She’s funny that way

She’s funny that way

Director: Peter Bogdanovich
Starring: Imogen Poots, Owen Wilson, Kathryn Hahn, Jennifer Aniston, Will Forte, and Rhys Ifans
Distributor: Walt Disney Pictures
Runtime: 93 mins. Reviewed in Aug 2015
| JustWatch |
Rating notes: Mature themes and coarse language

This American comedy is about a successful stage director, who mounts a new play on Broadway, and finds out that a call girl, for whom he has been a client, turns up for a part in it. The call-girl joins the cast with the wife he is unfaithful to, and his wife’s ex-lover.

The situations in this film provide an enormously complicated set of relationship entanglements.

Arnold Albertson (Owen Wilson) is the Director of the play, “A Grecian Evening”, and he is married to Delta Simmons (Kathryn Hahn), who had a past affair with Seth Gilbert (Rhys Ifans) – Delta stars in Arnold’s play, and Seth is in the same production. Unbeknown to Delta, Arnold was using the escort services of Isabella Beatty (Imogen Poots), who ends up with the role of a call-girl in the play. Isabella is seeing a psychologist, Jane Claremont (Jennifer Aniston), whose boyfriend is Joshua Fleet (Will Forte), who is the person who actually wrote Arnold’s play. While Joshua is dating Jane, he develops a crush on Isabella, and he is the son of a detective hired by a senior judge, also using Isabella as a call girl, to track Isabella’s daily and nightly movements. Jane finally ends up with Seth, when Delta learns that Seth is using call girls, just like her husband.

Arnold has hired a long list of sex-industry workers before Isabella, and Isabella is stunned when Arnold offers her $30k to stop her current work and do something more inspiring of her choosing. He has done that with other call-girls. She accepts his offer, and auditions for Arnold’s play without realising Arnold is directing it.

Most good Directors would have a great deal of trouble with a plot as contrived as this one. This movie attempts to tie all its threads together, and appeals to “light fantasy” to justify the looseness.

The film depicts a hurly-burly of sexual politics and relationship absurdities, and it doesn’t take time out to think about the real nature of any of the connections. An energetic cast tries to work with zany material. Most of the relationships in the film are decidedly immoral, and Peter Bogdanovich, the Director of the movie, presents none of them as attachments worth exploring. There is a pro-social message lying somewhere in Arnold’s efforts to rescue prostitutes from their current work to get their lives back on the straight and narrow (after their services are used). The movie “Pretty Woman” did that much better back in 1990.

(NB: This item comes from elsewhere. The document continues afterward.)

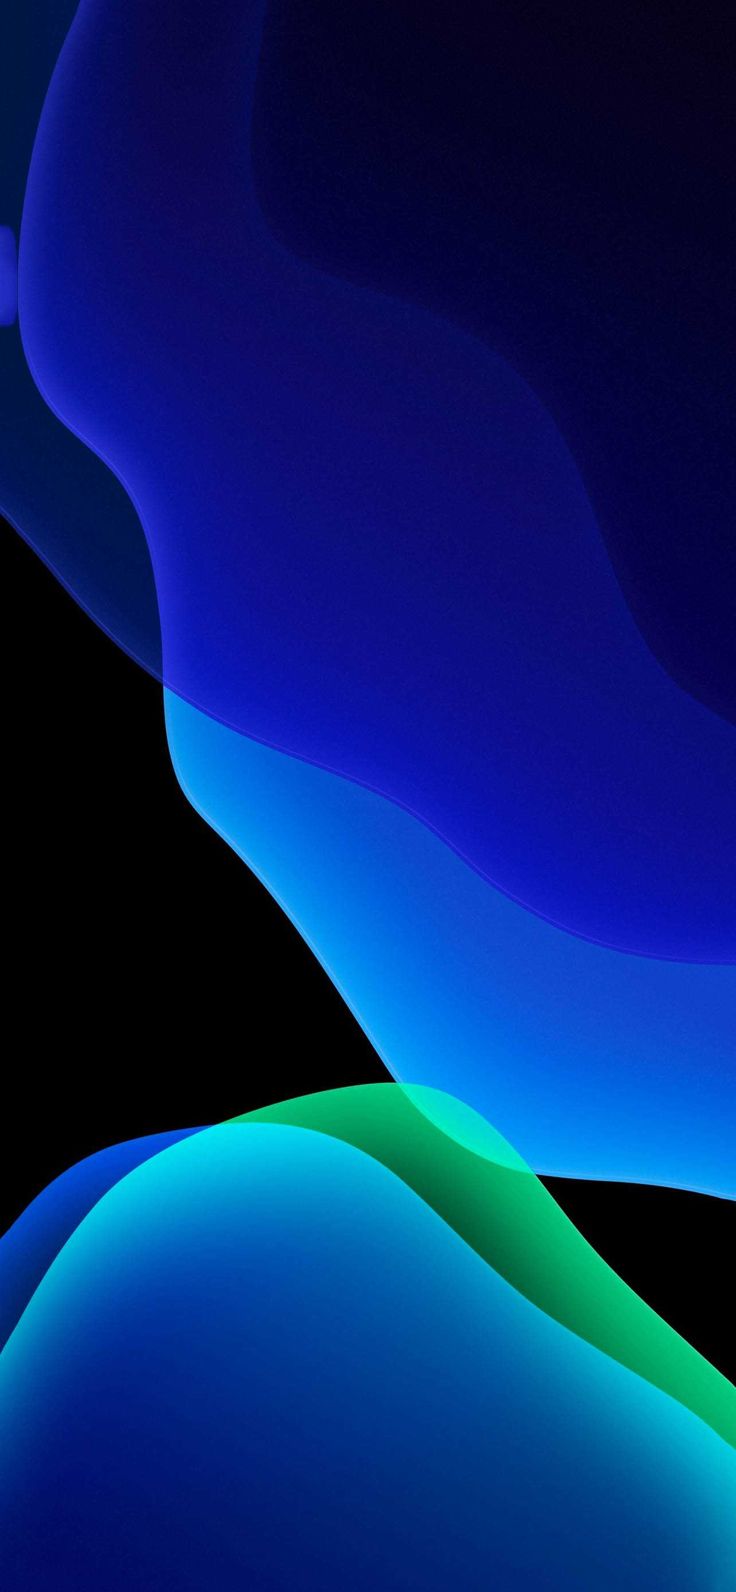 iPhone 13 Pro Max Wallpaper Discover more Aesthetic, Apple, IOS, iOS iPhone wallpaper.. Samsung wallpaper, iPhone wallpaper ios, Apple wallpaper iphone
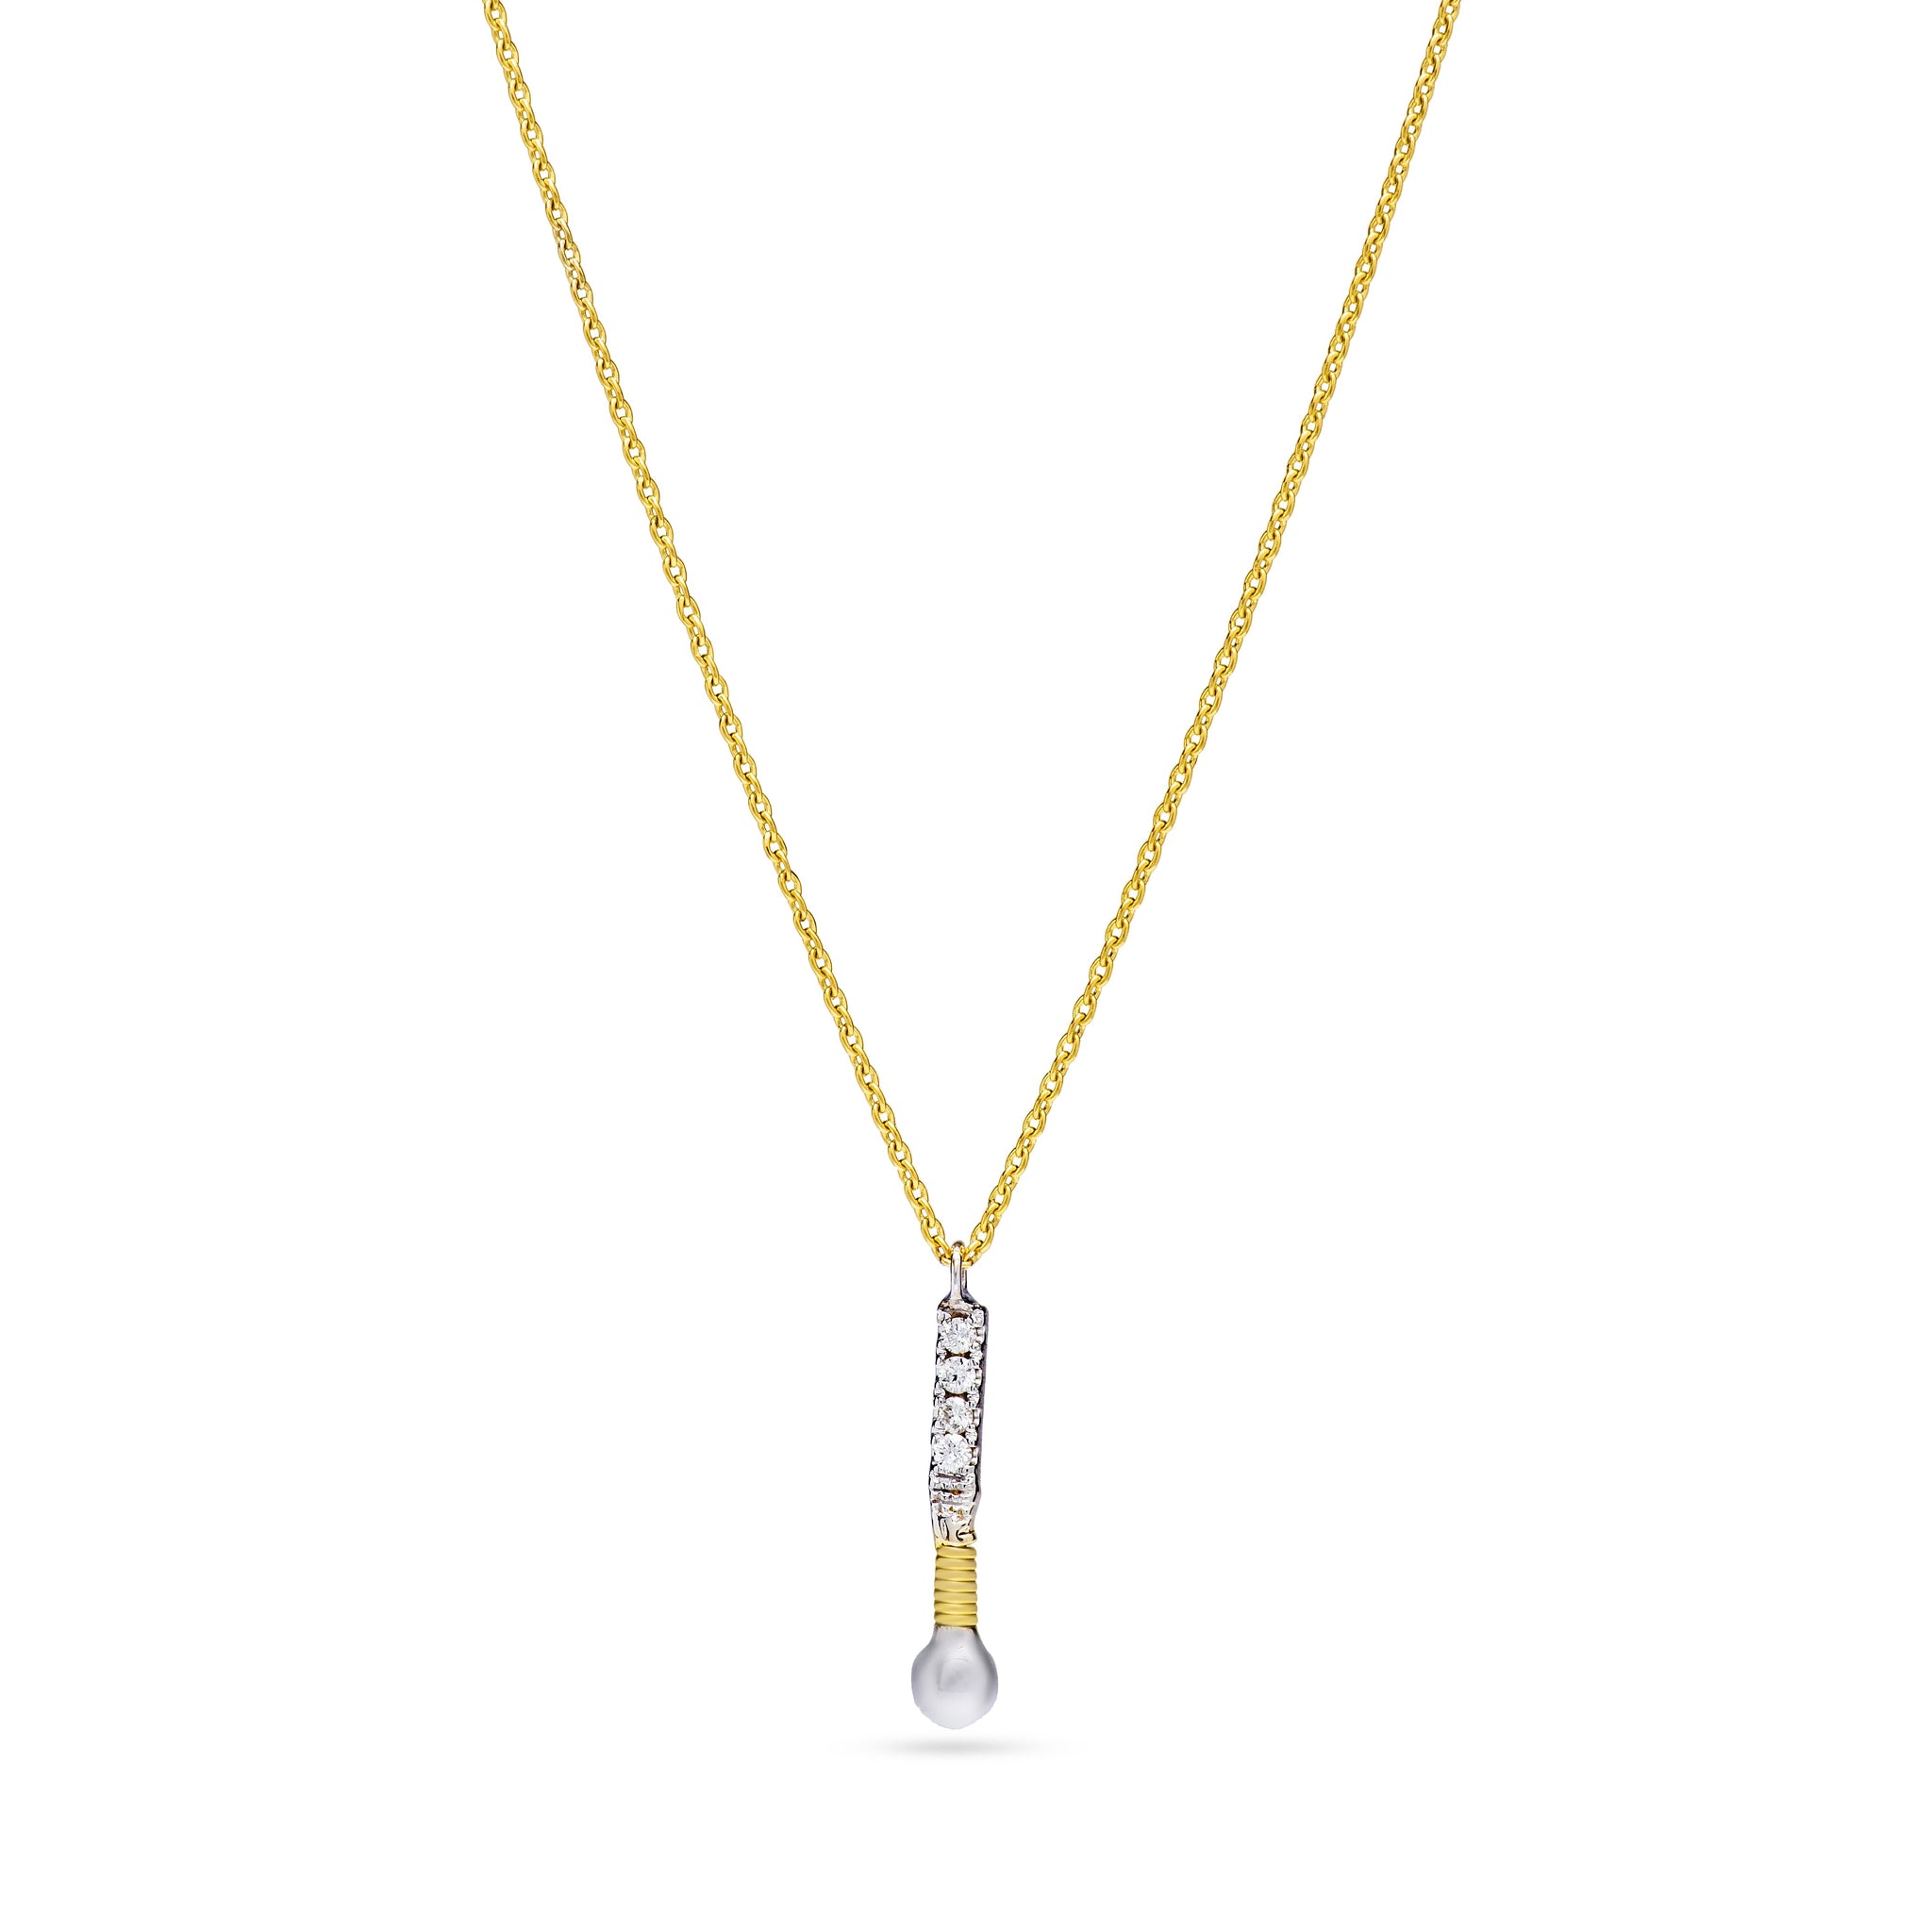 Letter I outstanding Diamond Necklace in Yellow 18 K Gold - MB2711/1 &  Weight of 1.75

The main people on the comedy side in this movie are an angry Kathryn Hahn, and a cynical Jennifer Aniston. Aniston vividly takes the part of a terror-professional. She plays a sociopathic psychologist in this film, as she did a nymphomaniac dentist in “Horrible Bosses” (2011). Here, she wreaks havoc on hapless victims in a totally insensitive way, but her role as Jane is caricatured. The only vital, realistic presence in this movie is Imogen Poots, as Isabella.

The film aims for farce. It relies very heavily on situational comedy, and ends up offering a wild ride through incredible relationship scenarios. The film is full of adulterous affairs, and it doesn’t attempt to work through any of them by developing its plot, or its characters, in any systematic dramatic way. If one approaches the movie by looking out for people caught up in bizarre, immoral situations with a vague Pygmalion touch, there is comedy to be found lying in the mix. But the film’s overarching message is shallow and superficial, and the movie fails to deliver on the theme that it espouses – which relates, in turn, to the title of the movie: “wherever you’re happy, that is your place.”

Essentially, the film tries to extract laughter from a wide range of comic misunderstandings, and aims at nostalgia intended to titillate. In so doing, it lacks the distinctive style of Bogdanovich’s “What’s Up, Doc” (1972), and his wonderful “The Last Picture Show” (1971). It presents a random collection of relationship moments built around coincidences expected to amuse. Those moments are delivered vigorously by an ensemble cast that appreciates good comic timing, but viewers are exposed to them in a film that ultimately disappoints.